We see mostly dogs and cats at good old KVC, so this is an unusual picture. Saturday afternoon we had 22 horses on the lot at one time. The trailers are scrambled around, so I couldn’t really get everybody lined up for the group picture (althought the short horses are in front). They were all here for their spring Coggins Test.
The test is named for Dr.Leroy Coggins, who developed it. It tests for the presence of the virus that causes Equine Infectious Anemia (aka, E.I.A., "Swamp Fever"). The virus often affects horses in much the same way that HIV affects people. The horse is unthrifty, won’t hold weight, doesn’t shed his winter hair, has trouble healing, and just generally ADR (technical abbreviation for "Ain’t doin’ right"). As you might expect from the name, they frequently become anemic (low on red blood cells). Sometimes this is so pronounced that the animal becomes weak and disoriented from a lack of oxygen (not enough red blood cells to carry it around the body). I have taken a blood sample from one horse (in the advanced stages of the disease) who was so anemic that his blood looked like Kool-aid: you could read through it.

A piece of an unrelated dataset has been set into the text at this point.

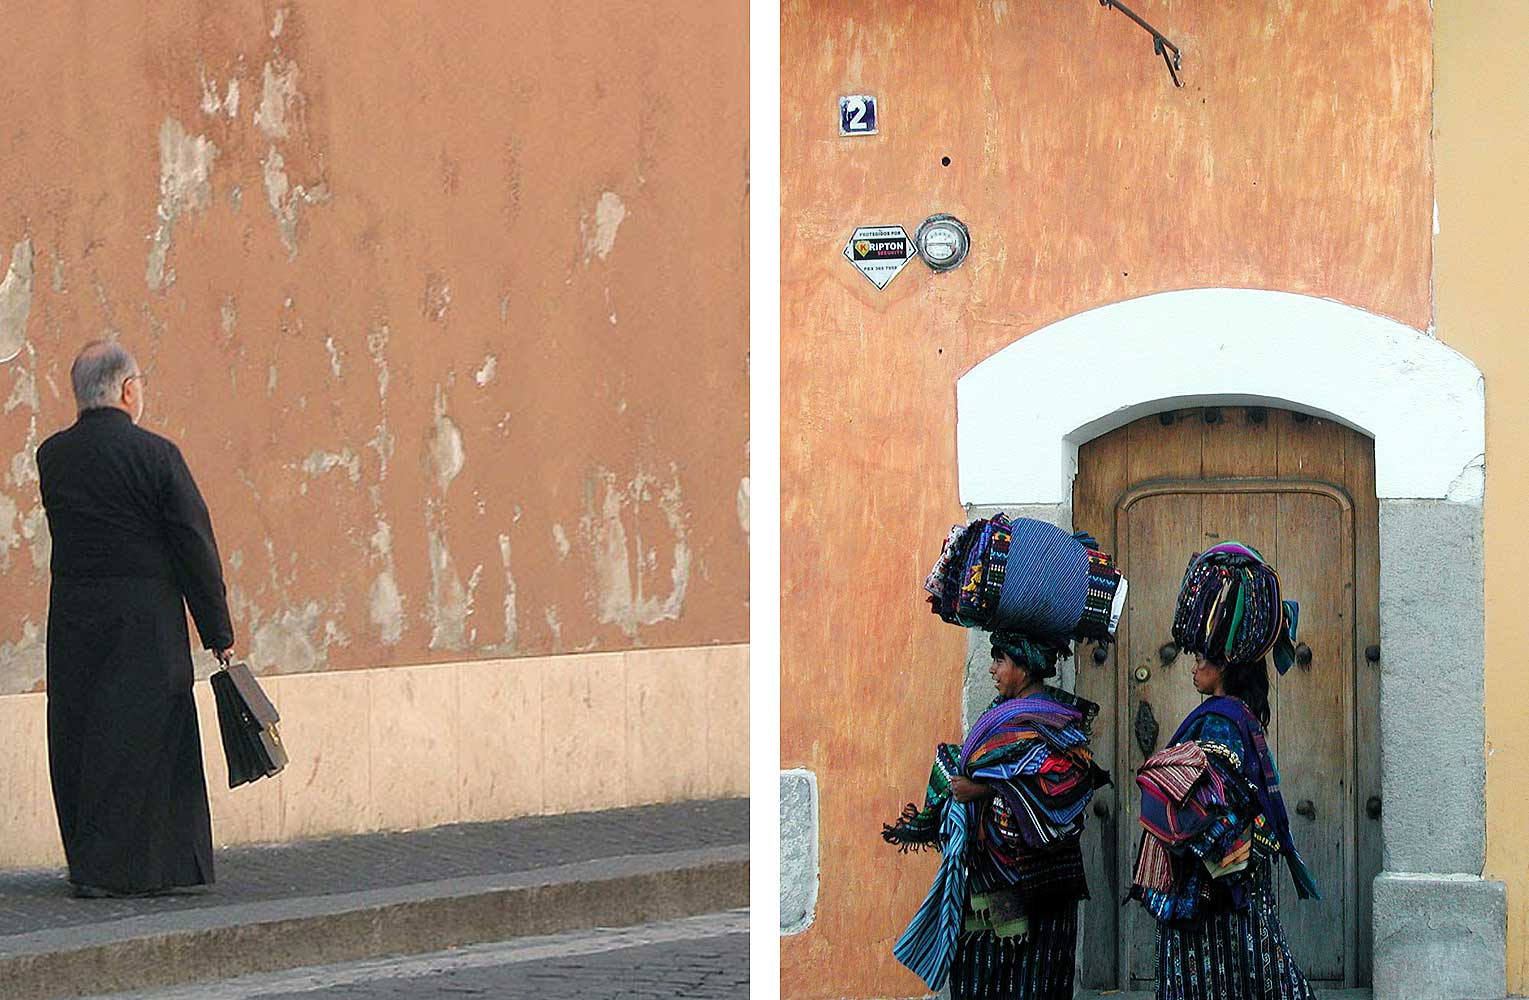 Left: Vatican City, 3 Oct. 2009. Right: Antigua, Guatemala, 4 Jan., 2002.

There is no preventive vaccine for the disease and no effective treatment to cure it. Infected horses can remain carriers for years before they show outward signs (sort of like Magic Johnson’s dating career before his HIV diagnosis went public). The disease is transmitted by the bite of large, blood-feeding flies, such as horse-flies and deer-flies (the tabanid family).
As you can imagine, wherever large numbers of horses congregate, so do large numbers of horse-flies. If your horse is nice and healthy, you really wouldn’t want someone to bring in a carrier of E.I.A. It would be no time before they would want to share your horse-flies, and the next thing you know, your horse becomes a carrier, condemned to an ugly and premature death.
Since we can’t prevent this disease or cure it, the best we can do is to identify the carriers and be sure that they are quarantined away from other horses. That’s why you have to have your "I passed my Coggins Test" paper with your horse’s picture on it when you arrive at a horse-show, trail-ride, or horse-sale (also when you sell your horse, even to the guy next door). That’s why lots of horses show up for blood-tests as soon as spring is in the air.
There’s one weak point in the program, though. The incubation period (time from getting exposed to the germ until it shows up in the blood test) is two weeks. Most events ask for a blood test in the last six to twelve months. It becomes obvious that an old, moldy blood-test result may not reflect the horse’s current disease (or disease-free) status. If I were buying a horse, I’d have to make the purchase conditional on his passing a fresh, new blood-test, preferably after fly season, in the winter.